The function would still produce an output data. However, this will be an issue when newly created estimation strata are used as the stratification variable with an inappropriate publication domain variable in the struktuR R package. One can use the output of the function merge_lonely_strata as a diagnostic to decide suitable publication domains given strata or estimation strata.

To remedy the issue in this example, we will simply create a new domain variable by merging two design strata as follows.

pop_data_1obs$domain <- pop_data_1obs$industry
pop_data_1obs$domain[pop_data_1obs$industry %in% c("C", "G")] <- "C_G"
results <- merge_lonely_strata(pop_data_1obs, sample_data_1obs, 
                          x = "turnover", 
                          y = "job_vacancies", 
                          id = "id",
                          strata = c("size", "industry"),
                          block = "size",
                          group = c("country", "domain"))

Restrictions

  • The use of this function will require some expert judgement when it comes to the specification of the block and group parameters. There may be some back and forwards. Users are advised to modify their choices depending on whether strata merge was successful and if so, which strata were merged.
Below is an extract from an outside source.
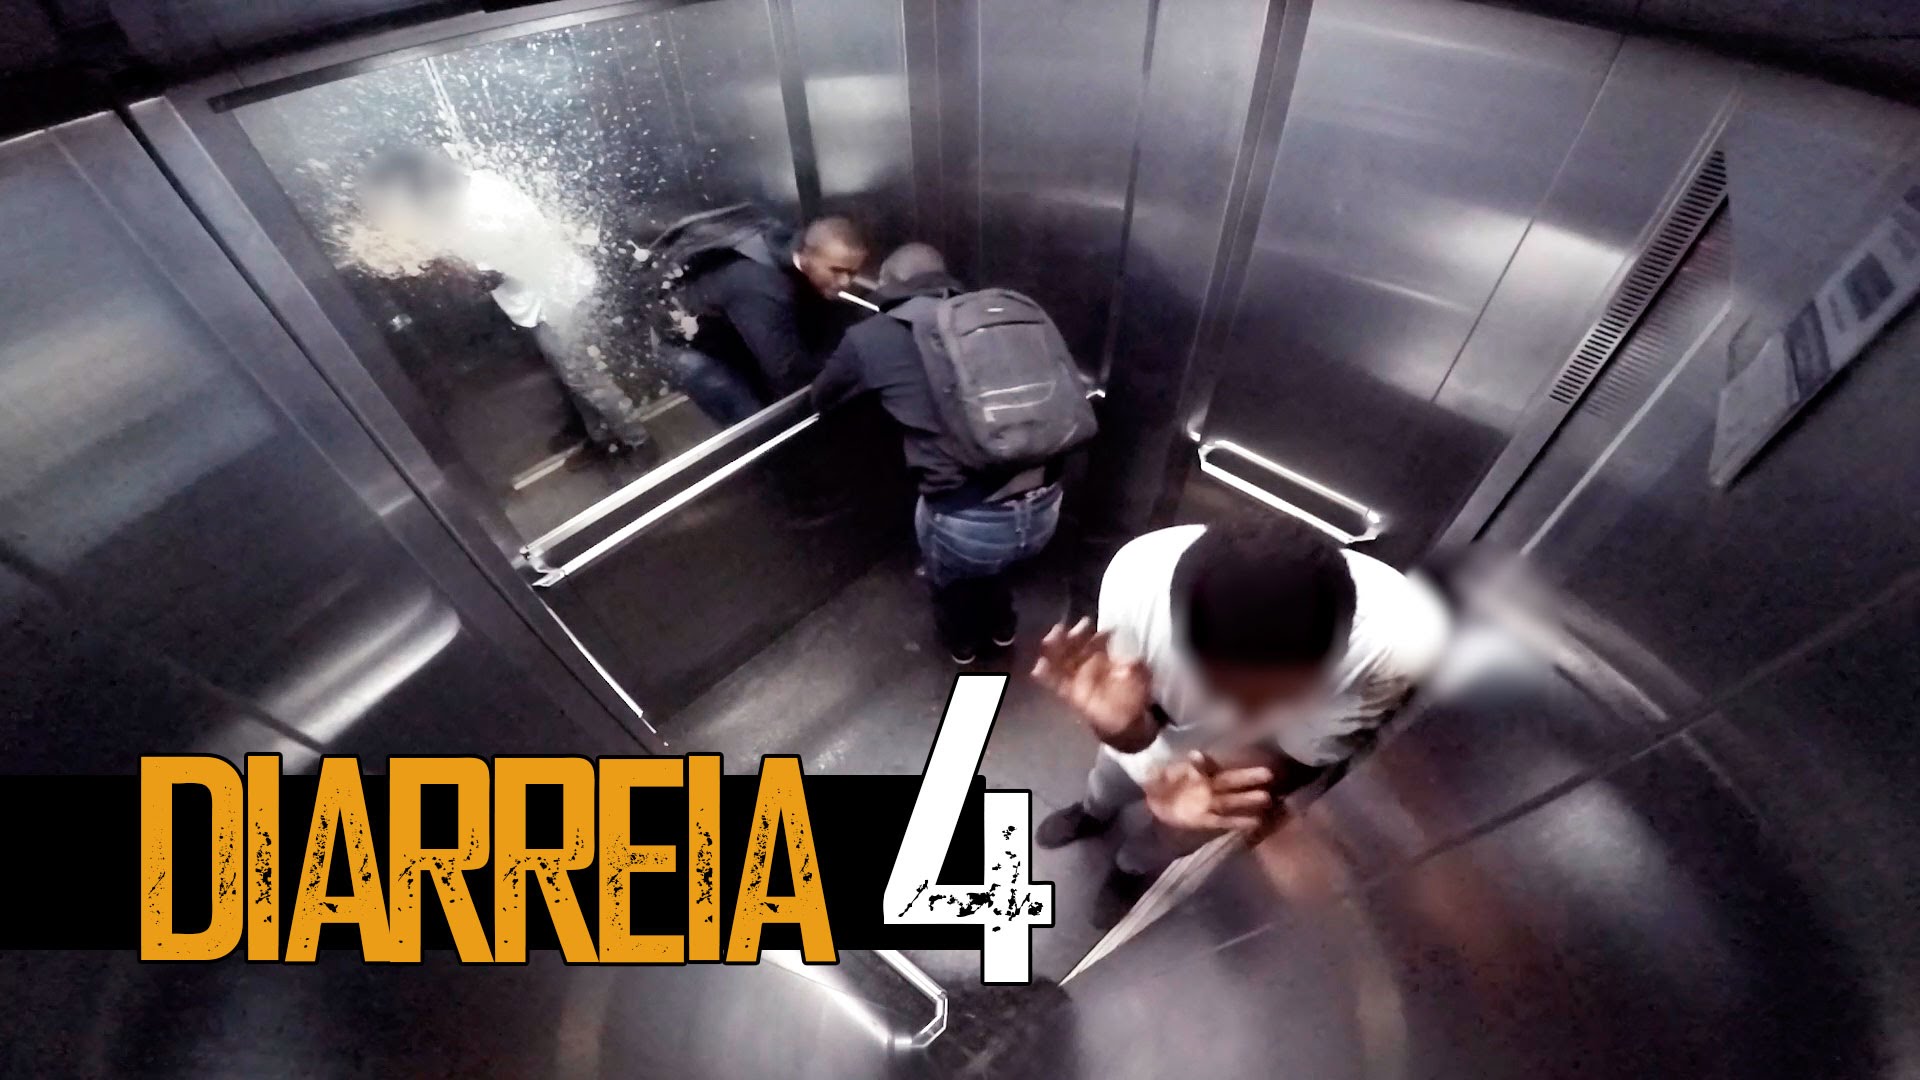 VIDEO: Tas moments, kad svešiniekam liftā sākas caureja… (Diarrhea in the elevator!)
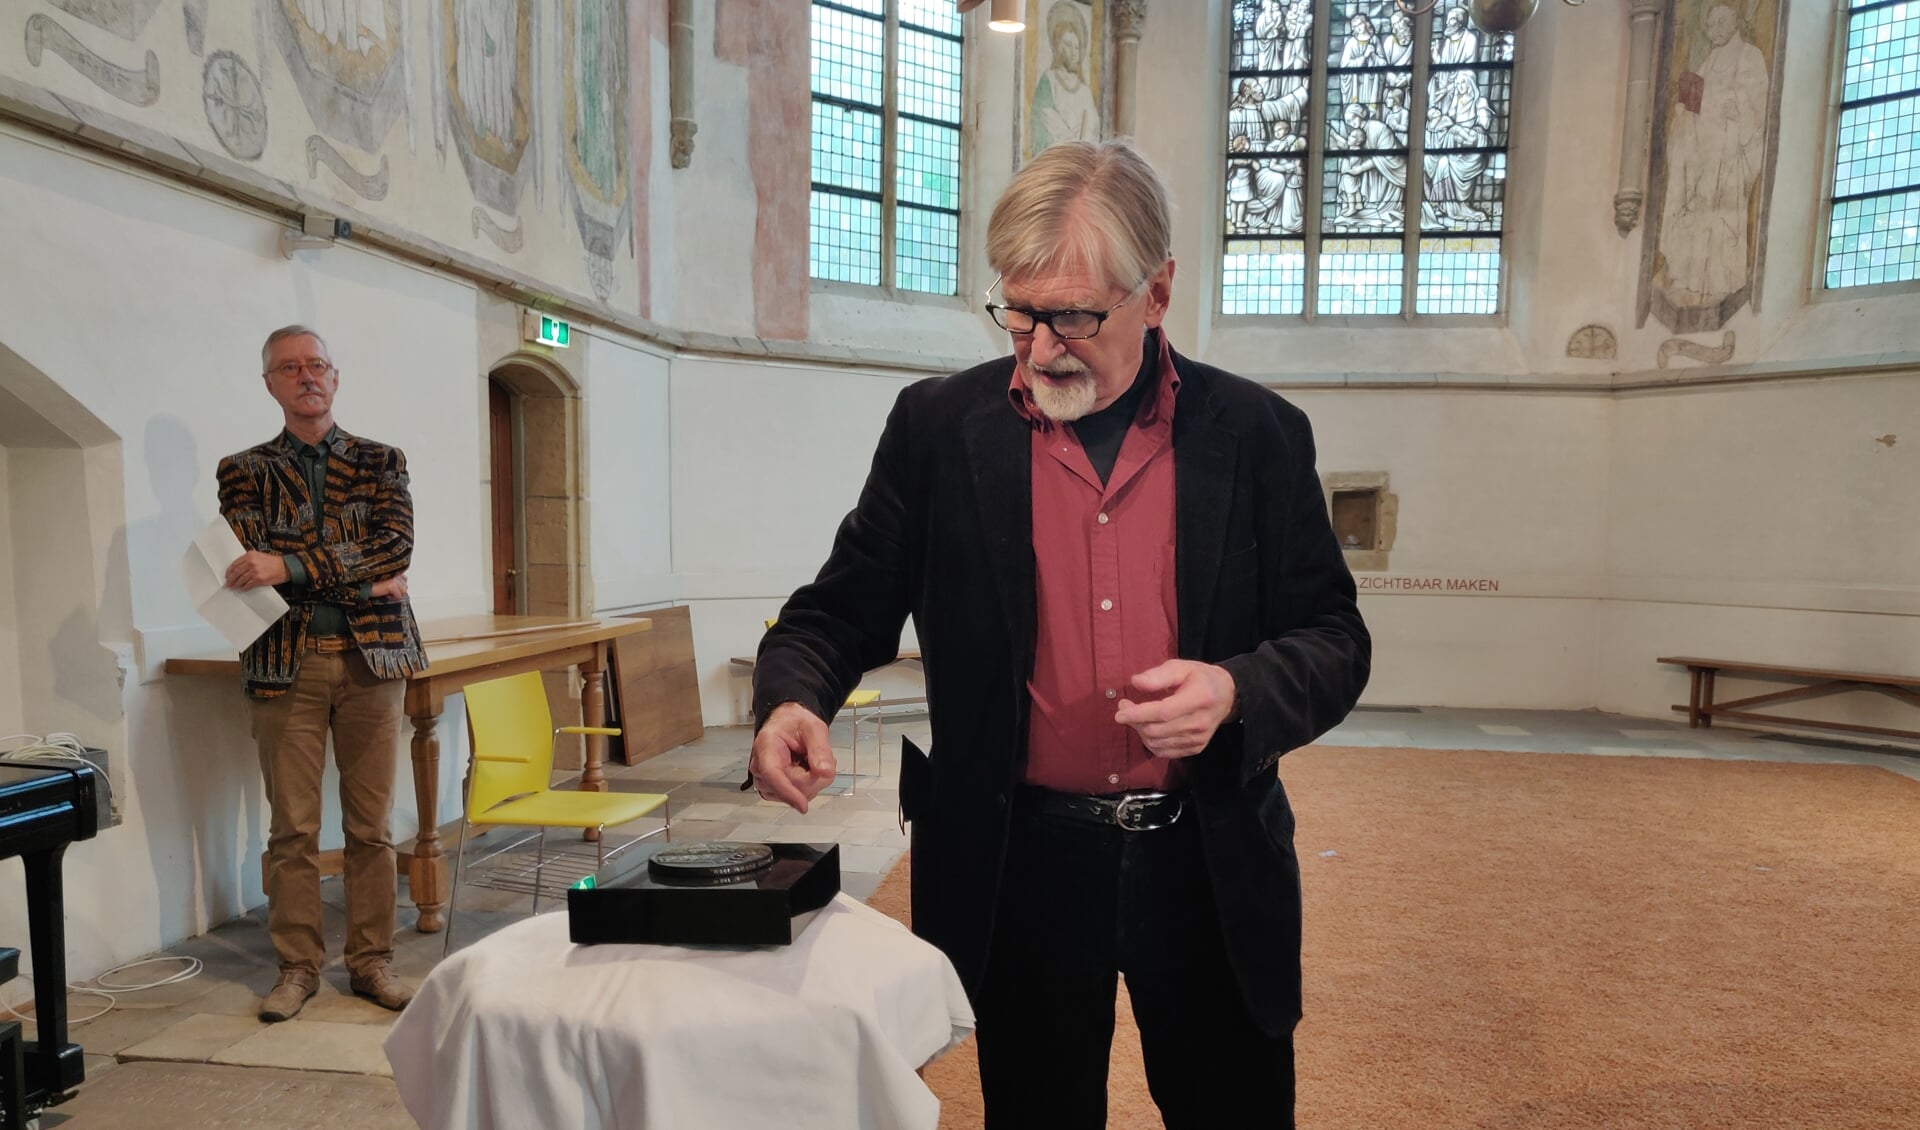 Peter Sluiter onthult de penning tijdens de presentatie in de Oude Mattheüs in Eibergen. Foto: Rob Stevens

  • This function can only be used for a single statistic variable (yy-variable). As a result of this, one may obtain different strata merge for different yy-variables, and so publication domains per variable may differ as well. This is because of the fact that the identification of lonely strata is done based on the number of observations within strata with non-null yy-values. If missing patterns by strata vary a lot from variable to variable, then a lonely stratum for one yy-variable may not be a lonely stratum for another statistic variable.